Finance Ministers rarely mention central banks in their Budget speeches unless there is an important institutional development, or there is a crisis which requires a coordinated response. In the United Kingdom’s Budget Speech 2021, Chancellor Rishi Sunak mentioned the Bank of England for both the causes.
Sunak mentioned that the Bank of England, apart from keeping its 2 percent inflation target, “will also reflect the importance of environmental sustainability and the transition to net zero.” These innocuous sounding words have the potential to change the world of central banking like never before.
A similar change to the world of central banking happened 24 years ago when then Chancellor Gordon Brown announced the Bank of England moving to the inflation target framework (ITF). Though New Zealand pioneered the ITF in 1990, the BoE stamp was required for the ITF to become the new thing in monetary town.
Coming back to the 2021 UK budget announcement, this implies that the BoE will be a partner to the UK government’s goal of zero carbon economy. It is similar to the earlier government goal to lower inflation which led to inflation target, and now to the lower carbon economy. It is a reminder to central bank watchers that ultimately the government sets goals and the central banks simply work around policy to implement these goals.
Unlike the ITF, the Bank of England has also played a pioneering role in climate change. Former BoE Governor Mark Carney first highlighted the dangers in his 2015 speech, provocatively titled ‘Breaking the tragedy of the horizon’. Carney highlighted how we all have to fight climate change and the central banks need to be involved as well. Carney’s speech prompted several central bankers to speak about climate change and undertake studies on the topic.
Despite the similarities between inflation and climate change, the differences couldn’t be starker. The journey to the ITF was a natural one for the central banks. The central banks after all are guardians of monetary and financial stability. From the 1970s, most countries struggled with high inflation leading to the central banks experimenting with policies such as targeting inflation via money supply. As these policies did not show desired results, the ITF emerged where the central banks targeted inflation via interest rates.
Unlike inflation, climate change is not a natural ally for a central bank, and this obviously becomes a major challenge. Carney and others have identified how ignoring climate change leads to concerns for both price and financial stability. The floods and droughts could lead to destruction of crops leading to higher inflation. Likewise, these climate change events could lead to large losses for banks (insurance) firms which have lent (claims) to these areas creating financial instability. Of late, we have seen how the US Federal Reserve along with other financial regulators passed policies providing relief to financial institutions affected by Texas Winter Storms.

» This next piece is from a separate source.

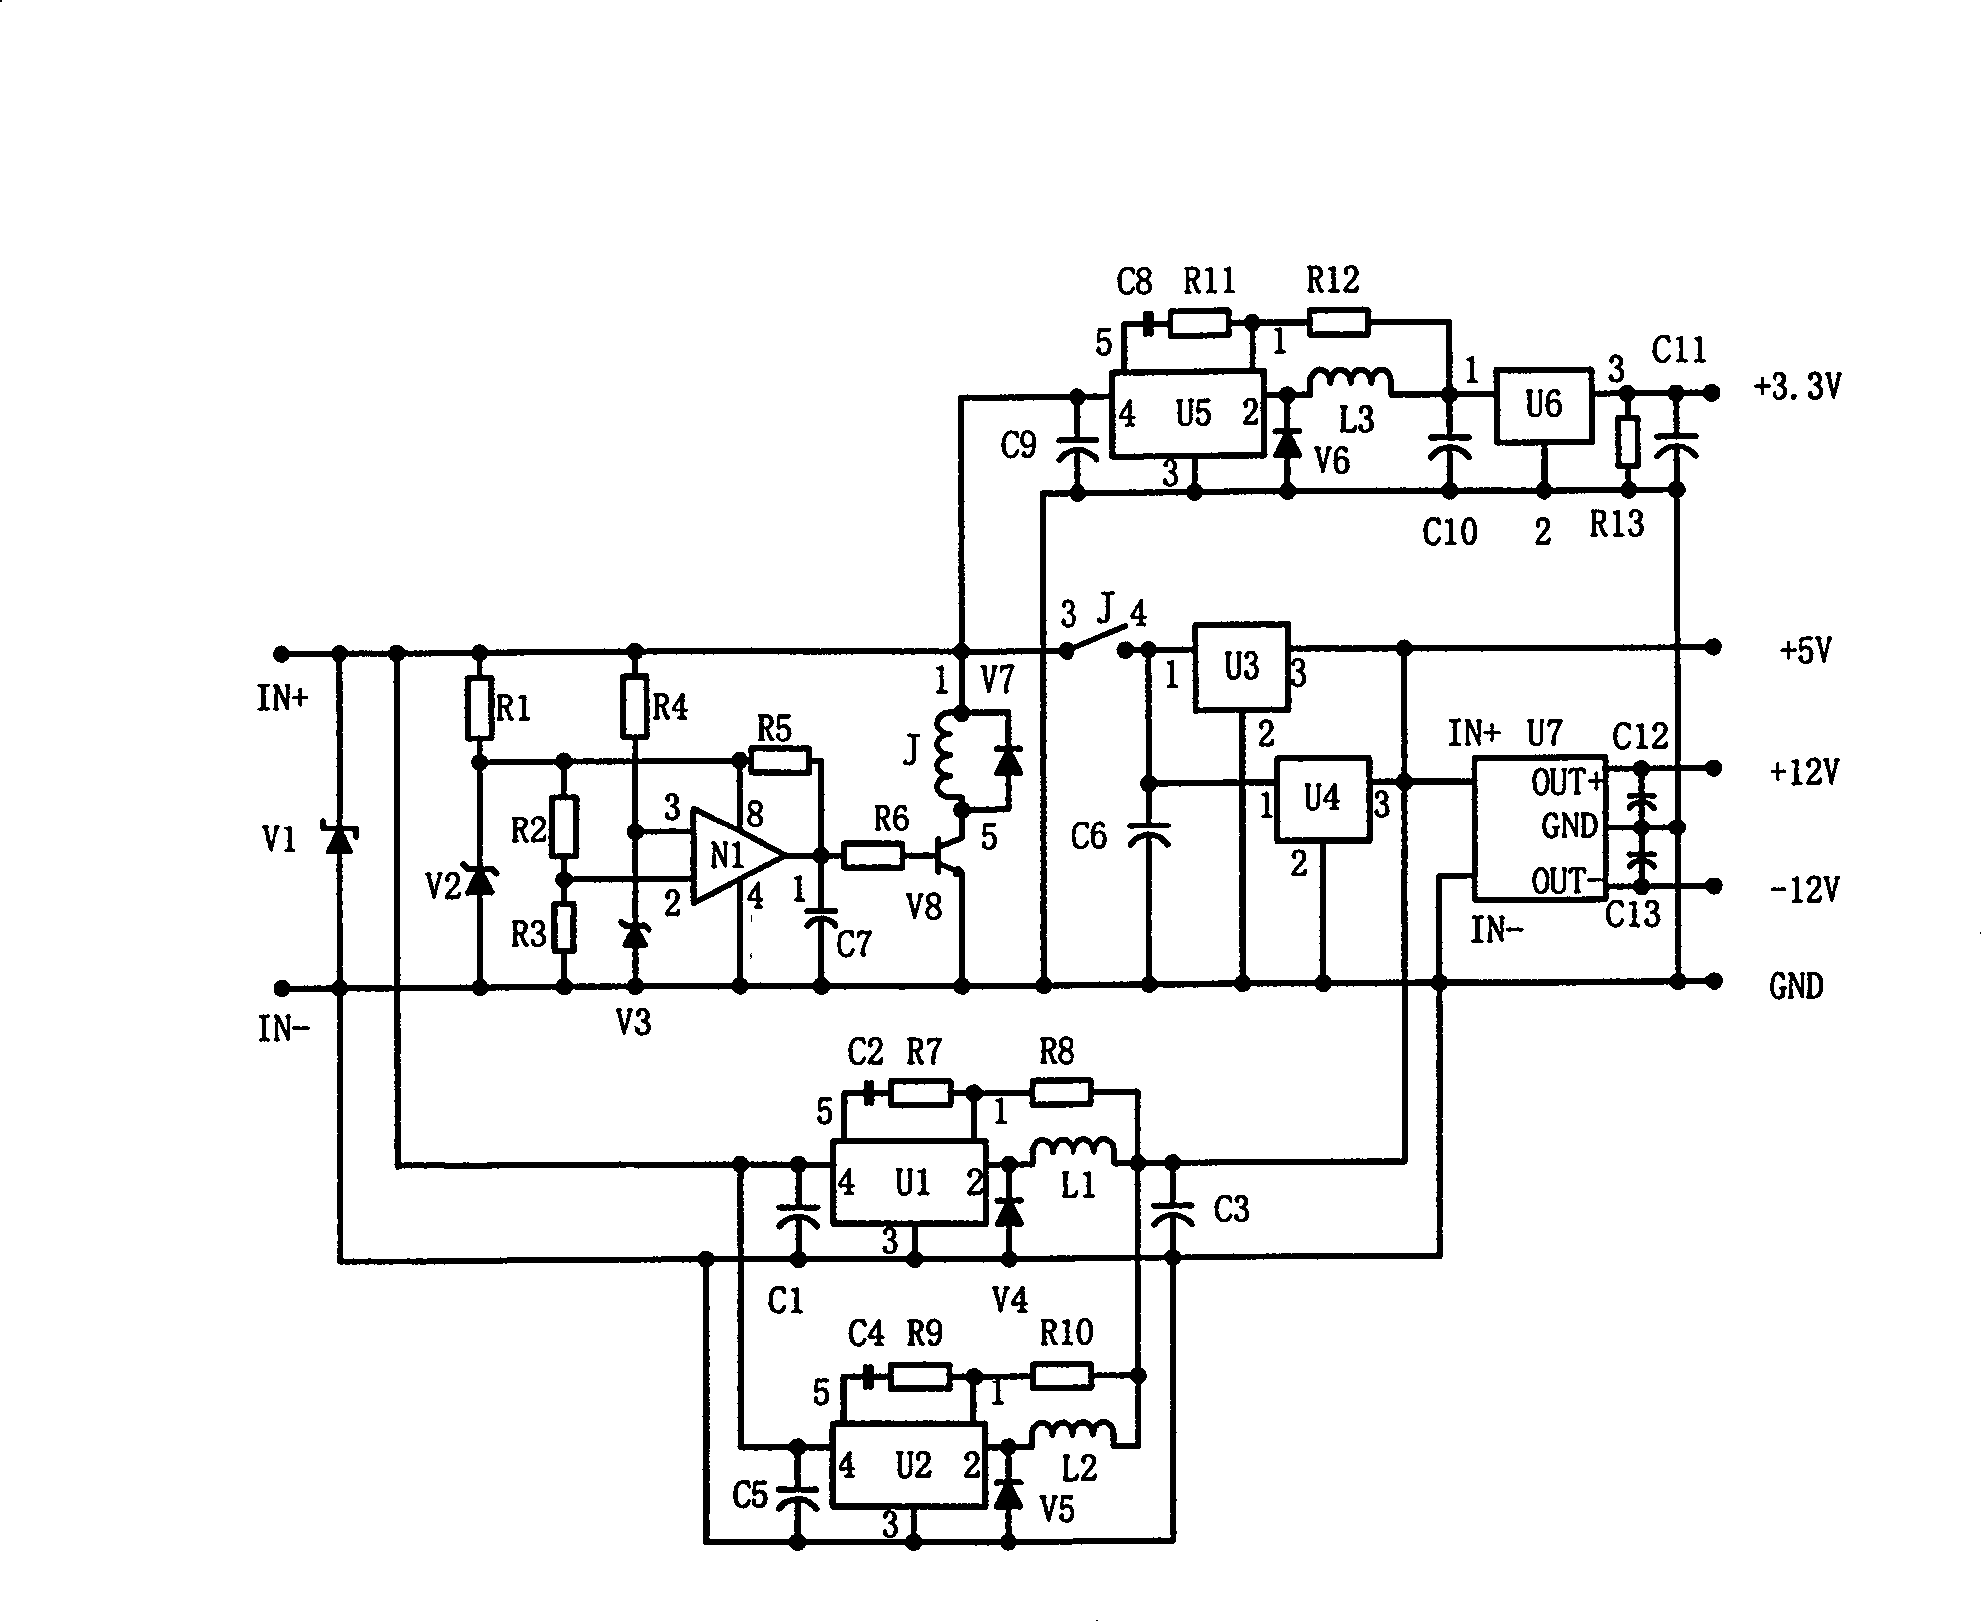 DC power voltage stabilizing transformer

As prevention is better than cure, the central banks have decided to play a role in this climate change. They are primarily trying to promote greening of finance, which means encouraging financial institutions to increasingly support firms which have lower carbon footprint. The central banks are also promoting green bonds and also considering accepting these bonds as collaterals for repo and inter-bank borrowing transactions. This indirect policy will hopefully have a direct impact on climate change.
The linking of climate with the central banks has raised concerns among purists. They point that each time the central banks move away from their core objectives of monetary stability, there is trouble ahead. They point to examples from the 1970s where inflation rose as the central banks were focusing on growth and employment. Some purists were not happy with the central banks taking up the role of financial stability post-2008 crisis. The New Zealand Central Bank has already added employment to its objectives and has recently been asked to include housing market sustainability to their remit as well. They argue that the central banks have earned their autonomy after years of inflation management, and should stick to the knitting, else risk losing their autonomy.
How do the central banks work around these conflicts? If they do not join the fight for climate change, their role as a public policy institution will be questioned. If they join, they will be criticised for moving away from core goals.
Apart from the Bank of England, the central banks in Europe have also played a leading role in discussions on climate change. Last year, Denmark’s central bank announced the recruitment of a climate economist to work with its macroeconomics team. The European Central Bank (ECB) is also likely to adopt climate change as a formal goal after completion of its ongoing review. The central bank has already set up a climate change centre.
Isabel Schnabel, a key ECB official, in a recent speech remarked that while the primary responsibilities of climate change lie with the governments, “there is by now a widely shared understanding that central banks cannot stand on the sidelines”. So the question is not if the central banks can incorporate climate into their goals ‘but how and to what degree this should be done’.
What does all this mean for the Reserve Bank of India, which will announce a review of its monetary policy in March 21? The recent RBI Report on Currency and Finance (RCF), which studied the evolution of monetary policy frameworks in India and the world, has some answers. The RCF recommended that the RBI should continue with the current ITF of 4 percent with a band of 2 percent. However, the world is undergoing several ‘structural changes such as globalization, e-commerce and climate change’. These changes may test the ITF.
Thus, lessons from the ongoing reviews of other central banks will ‘be invaluable’ to understand whether the core goals need to be complimented with these alternative goals. The BoE has already gone ahead incorporating the climate change goal to the ITF. We have to wait and see what other central banks, including the RBI, will do in their ongoing/upcoming reviews.